Why start with an image of the Illuminati? Well I’ve just now found my invitation to join the blog – Durham’s email server had decided to quarantine the invitation and it quarantines so much stuff I’d missed the notice that it had quarantined it.
I _did_ notice a message that an email about a podcast I do with my friend Mike had been quarantined. Just as I was about to just delete it I saw the word “Pedagodzilla” leap out at me (the name of the podcast). Going to the list of quarantined emails, nestled between one inviting me to have a paper published in a predatory journal and another inviting me to join the Illuminati, was the one from Northumbria University inviting me to join the RE:PLAY blog. Apparently whoever designed Durham’s spam filter believes Northumbria’s IT services is as spurious as an ancient Bavarian secret society.
As an aside the email about the podcast was to congratulate us on being voted into the top 35 education podcasts on Feedspot. Here’s the link to the feed https://podcast.feedspot.com/teaching_and_learning_podcasts/ Spoiler alert. We’re not on there. Neat way to get people to look at the site though – and actually there are a lot of good ones on there. We did get a badge though – woo-hoo.
But actually the failure of the starting on the blog does raise the whole issue around communication. With the proliferation of platforms, and the volume of sheer crap being passed across them, it’s almost impossible to communicate reliably. The spam filters could be a lot more intelligent, but we still need them, otherwise we’d be inundated, even the quarantine notifications end up spamming our in-boxes. And is that message in an email or on Teams? Why do I have to switch from a Durham account to a Northumbria account before I see any alerts? More broadly, is that communication I half remember on a channel, in a chat or in a meeting chat? It’s like the people who design these things never intended them to be used by actual people in a team.

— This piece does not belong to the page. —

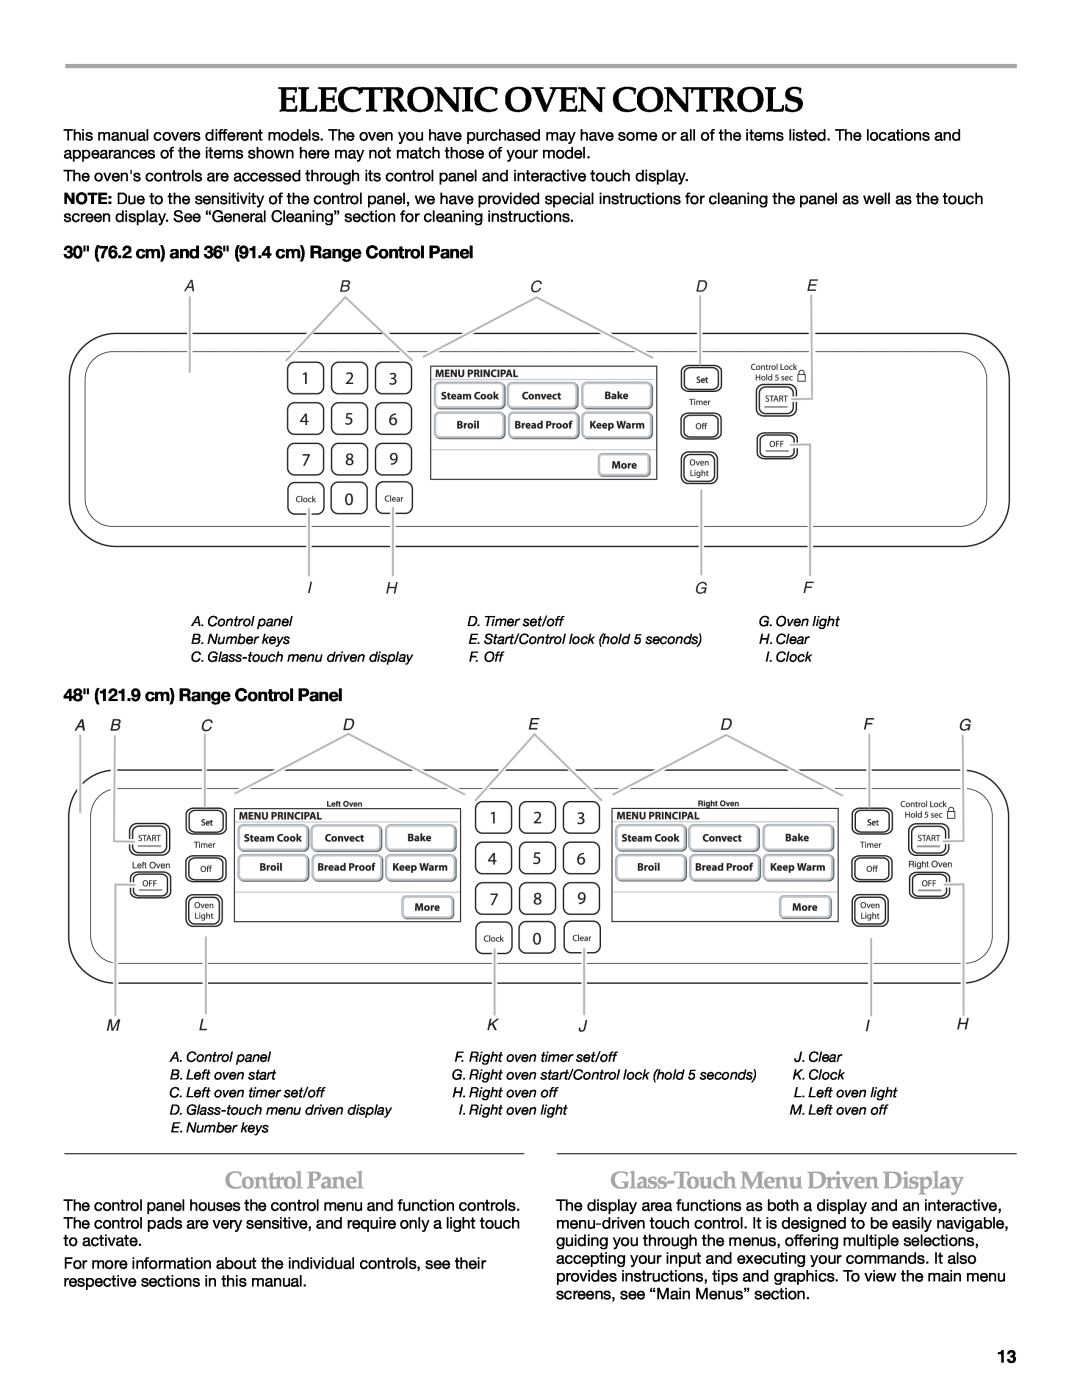 KitchenAid KDRU763.KDRU manual Electronic Oven Controls, Control Panel, Glass-Touch Menu DrivenDisplay, Abcde 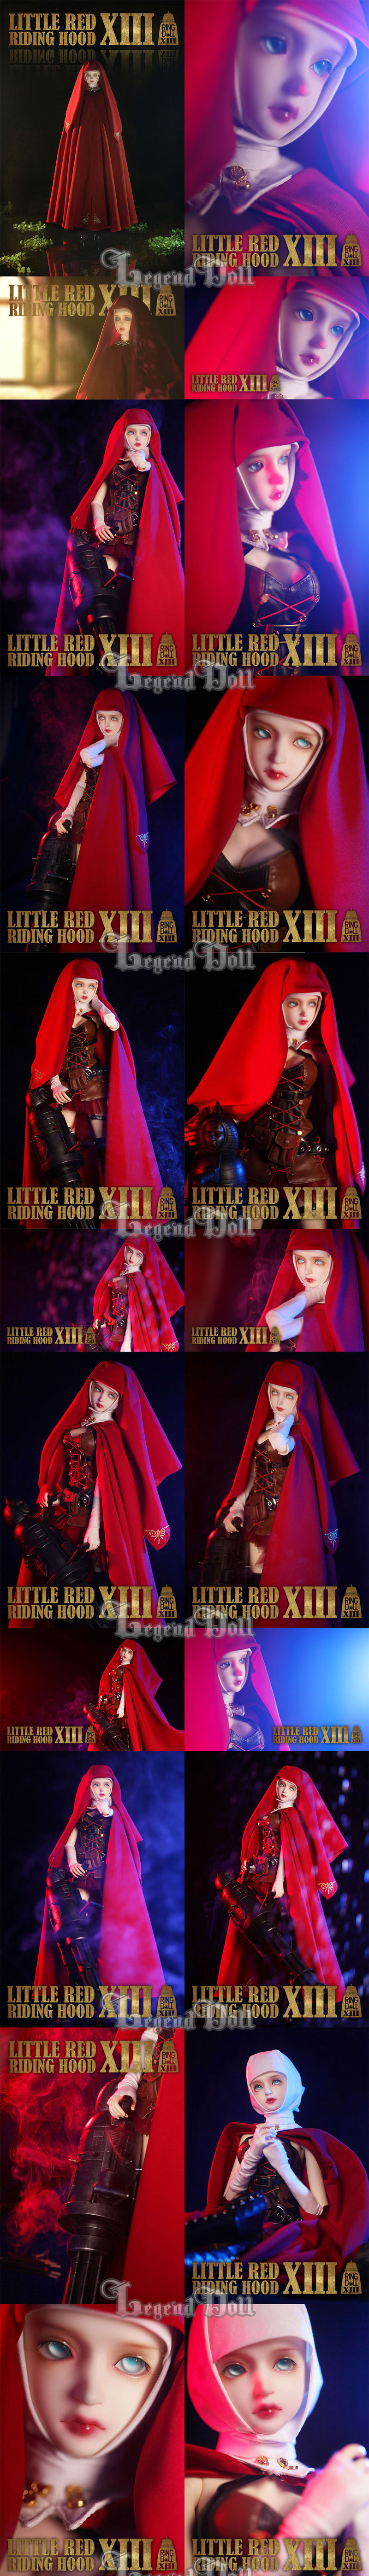 BJD Little Red Riding Hood Girl 59cm Ball-jointed Doll

So throughout I’m going to have to remember Hanlon’s razor which is normally: “”Never attribute to malice that which is adequately explained by stupidity.” Or in this case – it’s not really a conspiracy to prevent communication, it’s an inadequacy of the tech to enable it. Or just that designing communication with a guaranteed high signal to noise ratio is very very hard.
Unless the Illuminati really are behind everything. Maybe I should have accepted that invitation.